Industry Update: Hang On, It’s a Bumpy RidePosted 10/16/2013
As the National Association of Home Builders reported in September, underlying market fundaments are mixed, though generally moving in the right direction. Housing starts underperformed compared to the overall NAHB/Wells Fargo Housing Market Index last month, but many experts appeared unconcerned.
A similar disconnect occurred in 1991, when builders’ sentiment doubled in four months while single-family starts rose only by one-third. The current Housing Market Index is about 50 percent greater than last year’s, while single-family housing starts are only 15 percent ahead for the same time period. If history repeats itself, industry sources believe housing starts and builder sentiment will eventually reach a balance.
With August single-family permits reaching a 627,000 pace – the highest since May 2008 – analysts remain confident that more growth is on the way, particularly with the help of pent-up housing demand.
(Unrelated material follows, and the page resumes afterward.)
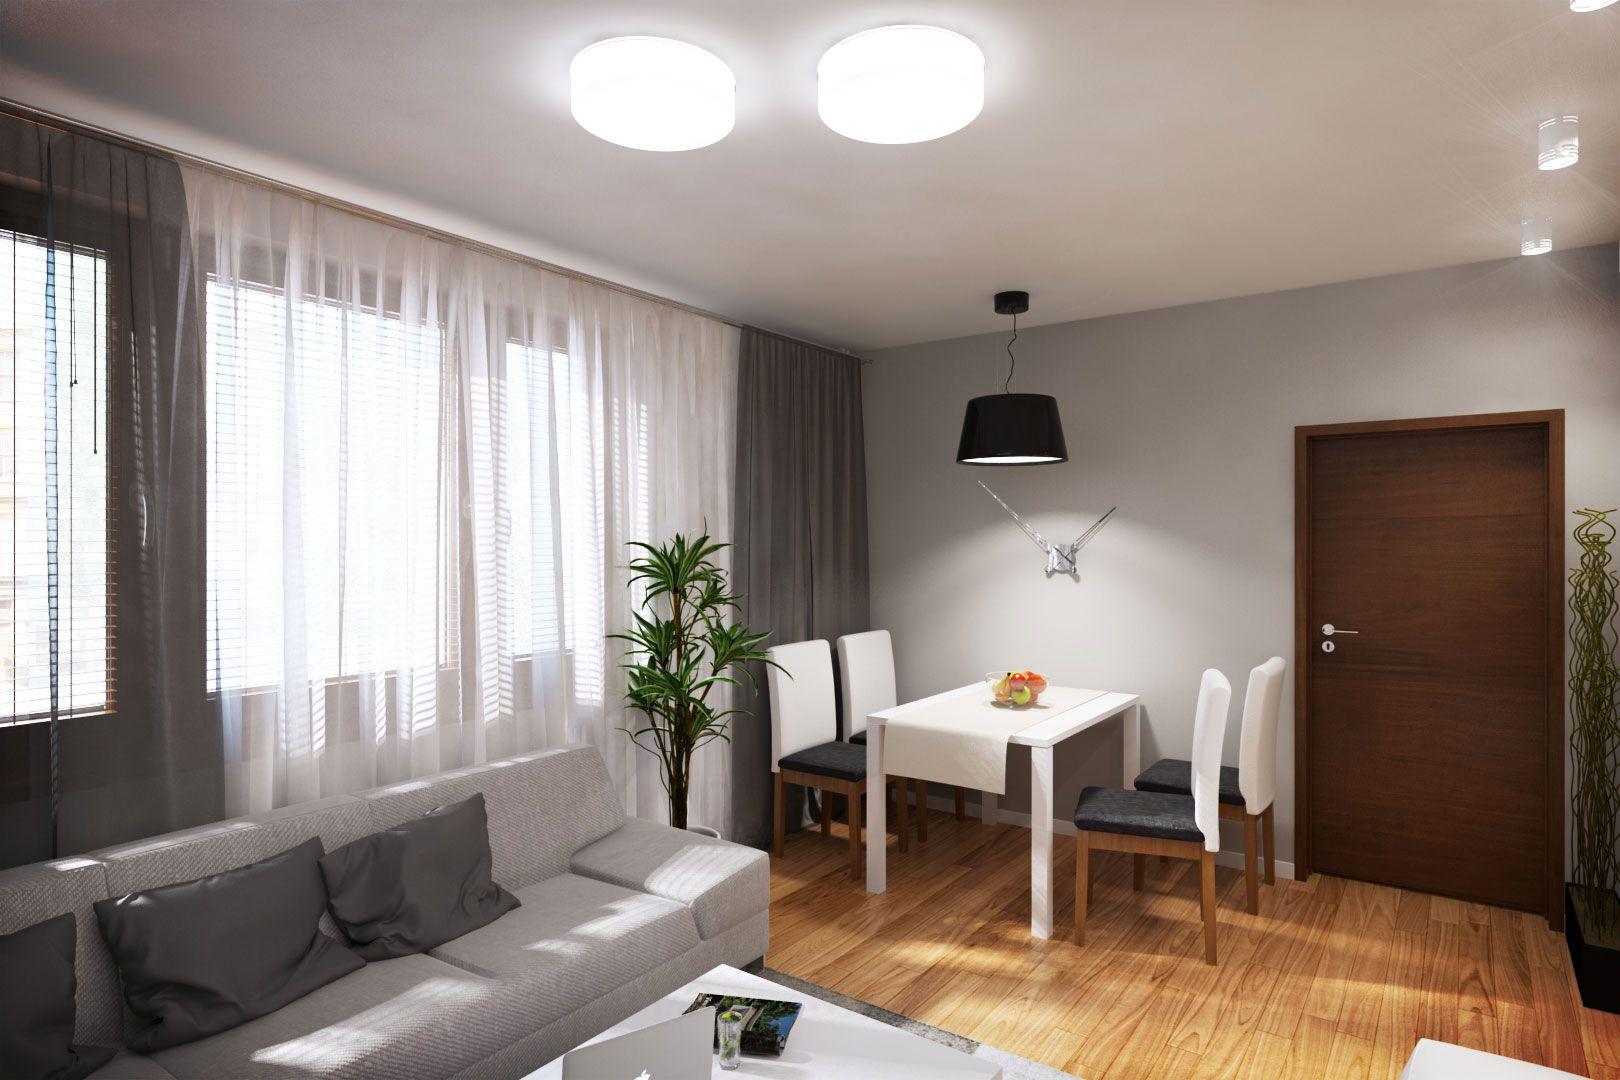 #936238 de pequeño departamento de 62 m² de dos dormitorios descubre en  1620x1080 píxeis em Como Decorar La Sala Comedor De Un Apartamento Pequeño

“The solid single-family starts and permits report provides additional evidence of the slow but steady improvement in single-family owner-occupied construction that began in earnest in early 2012,” states the NAHB’s Eye on the Economy report.
Although the seasonally adjusted construction rate has increased 36 percent since January 2012, single-family starts remain at less than half a normal rate of 1.4 to 1.5 million per year. NAHB is forecasting a 17 percent increase in single-family construction in 2013 over 2012 and a more robust 31 percent in 2014.